WIPO White Paper on Blockchain and Intellectual Property (I part)

WIPO White Paper on Blockchain and Intellectual Property

by Raffaella Aghemo


Just in these days the WIPO, World Intellectual Property Organization, has published a long work, 189 pages between main document and annexes, on blockchain technology and the new opportunities it would bring in the delicate regulatory landscape of intellectual property rights: “Blockchain technologies and IP ecosystems: a WIPO white paper.” As these technologies affect every sector and have been widely used in the intellectual property (IP) community, the member states of the World Intellectual Property Organisation (WIPO) have established the Blockchain Task Force, within the Committee on WIPO Standards (CWS), whose mandate is to develop reference models for the use of blockchain in the IP field and to propose a new WIPO standard that supports the potential applications of this technology within IP ecosystems.

The member states of the World Intellectual Property Organization (WIPO) established the Blockchain Task Force within the Committee on WIPO Standards (CWS) at its sixth session, held in 2018, with the following mandate:

(a) To explore the possibility of using blockchain technologies in procedures to provide intellectual property rights (IPR) protection and to process the information on IP objects and their uses;

(b) Gather information on IP Office (IPO) developments regarding use and experience with blockchain, assess current industry standards on blockchain and consider their merits and applicability to IP Offices;

c) Develop reference models for the use of blockchain technologies in the IP field, including guiding principles, common practices, and use of terminology as a framework to support collaboration, joint projects, and proof of concept; and

d) Prepare a proposal for a new WIPO standard to support the potential application of blockchain technologies within IP ecosystems.

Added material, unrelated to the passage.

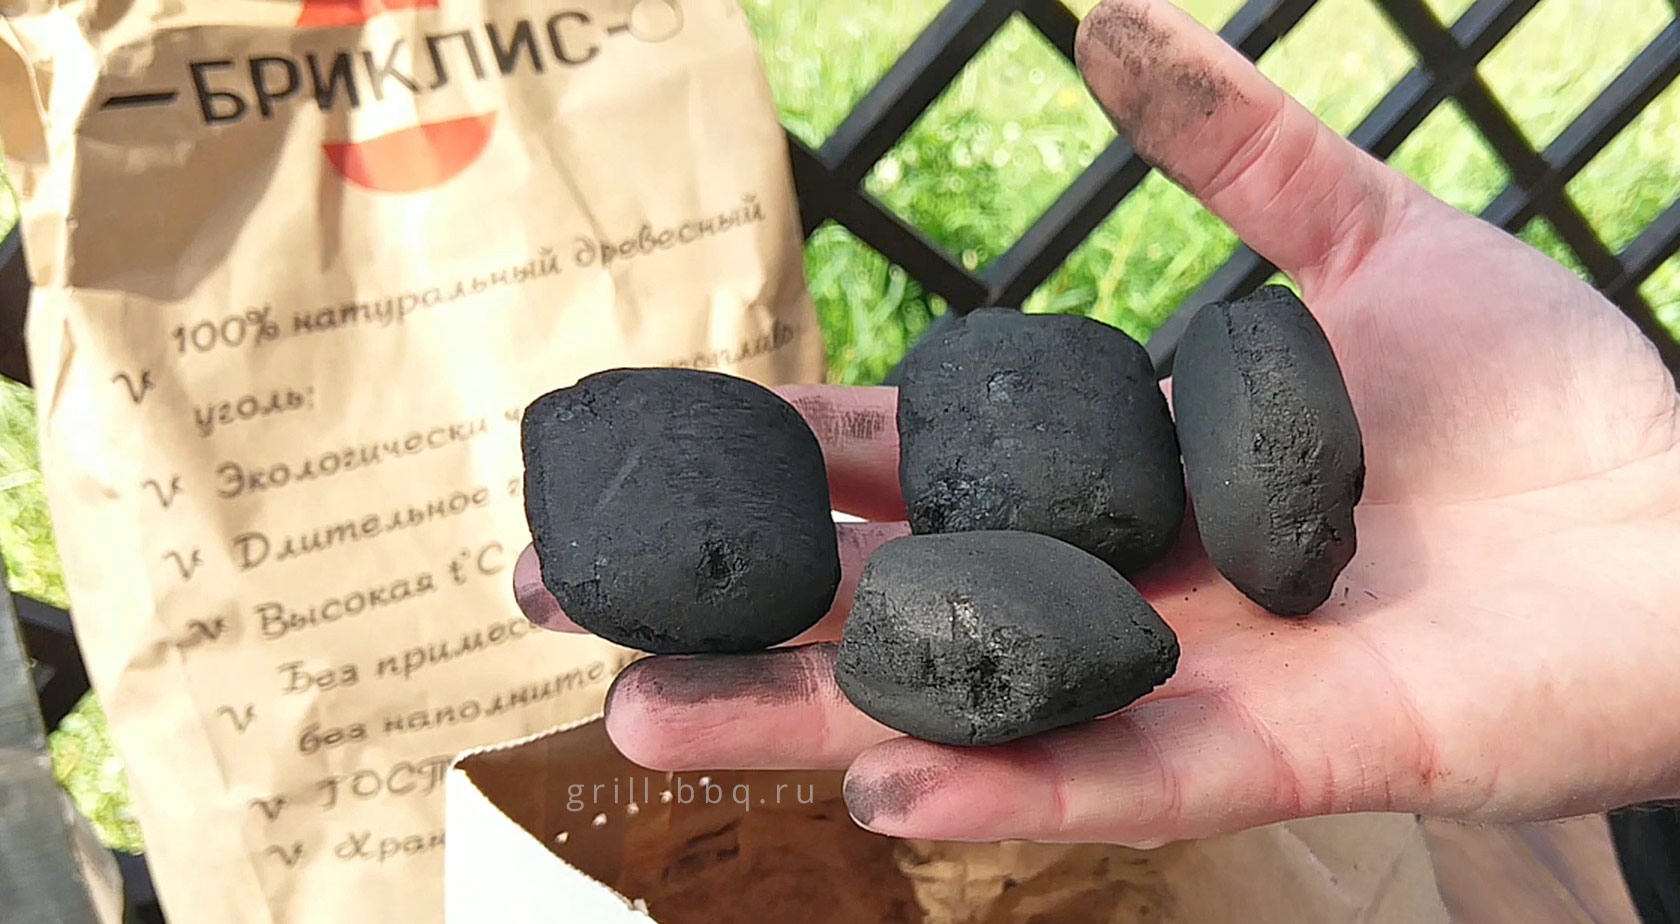 Уголь для шашлыка: каким он должен быть?

This white paper explores the potential applications and opportunities, as well as the challenges and issues that should be addressed to determine the feasibility and cost-effectiveness of using such technologies for the benefit of all IP stakeholders, understood as the legal rights arising from intellectual activity in the industrial, scientific, literary and artistic fields, and traditionally divided into two branches, “industrial property” and “copyright”.

Within the ecosystems discussed in this paper, and in which stakeholders and participants interact, we see the modelling of an IP value chain with four stages: generation, protection, management and commercialisation.

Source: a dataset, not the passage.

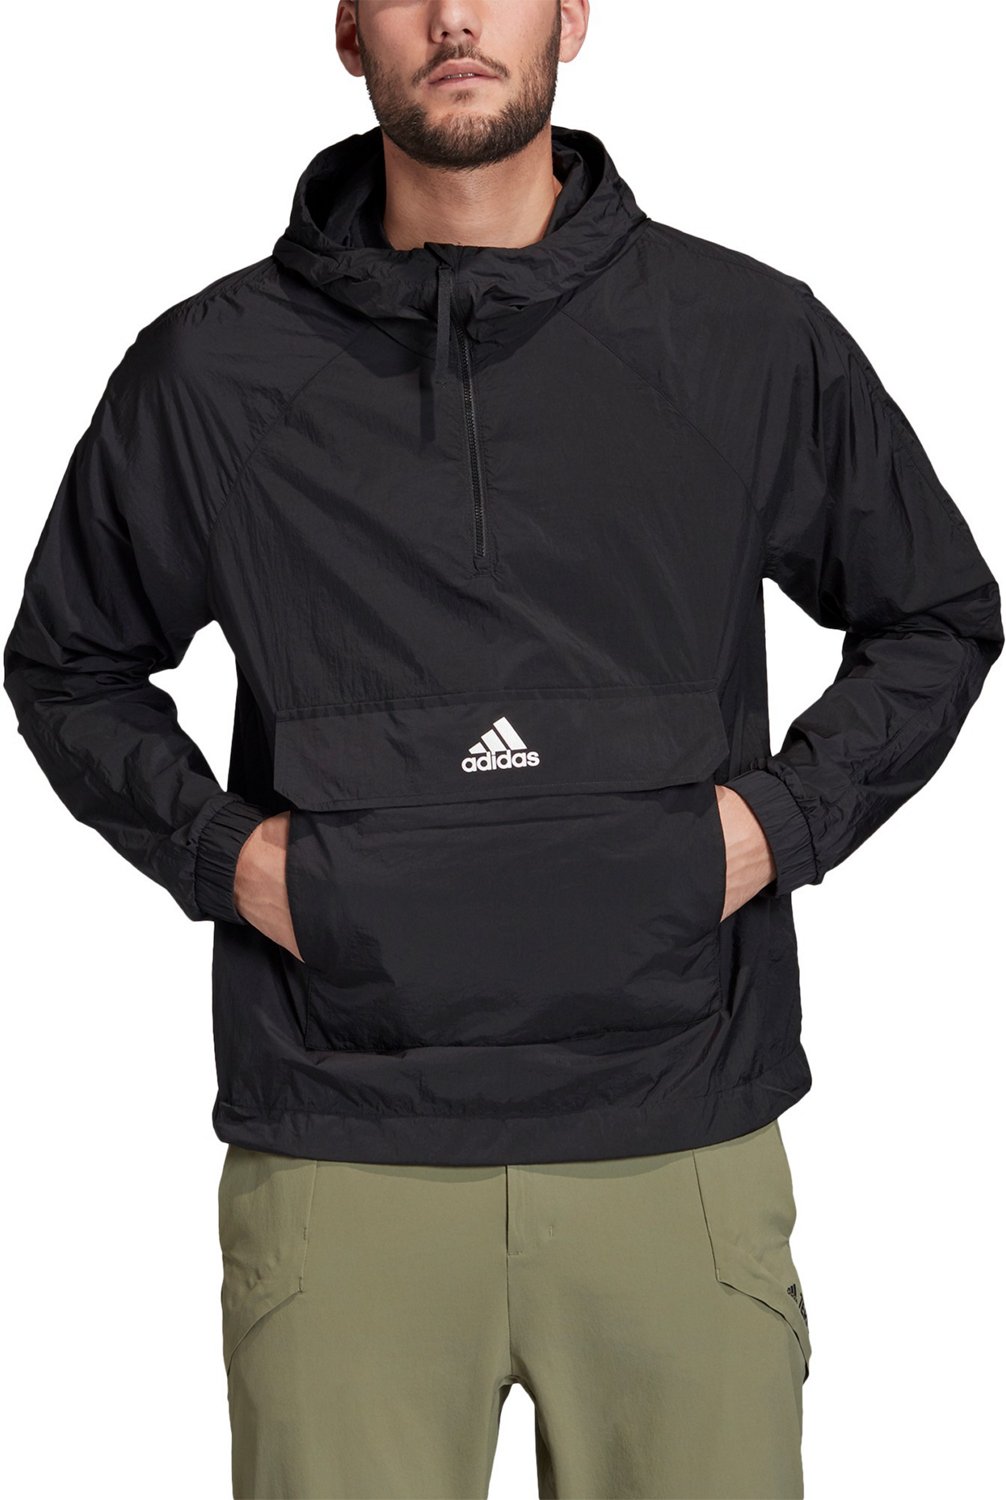 academy adidas jacket

At each individual stage of this value chain, blockchain technology can act as a ‘facilitator’, through, for example, certain proof of date and ownership of patent rights, with autonomous management by the respective owners, who could also use smart contracts for the licensing and assignment of registered IP rights. Tokenization can also help right holders securitise their IP assets or use them as collateral.

Not only that, blockchain technologies can also facilitate the automation of processes and systems used by collective management organizations (CMOs) and access to information by potential users. The latter could also be implemented through the use of non-fungible tokens (NFTs). In addition, smart contract solutions may facilitate further models for negotiating licenses individually or collectively by CMOs or other entities. In addition, industrial property rights, copyright, and related rights can be tokenized and used as bonds to finance artistic projects.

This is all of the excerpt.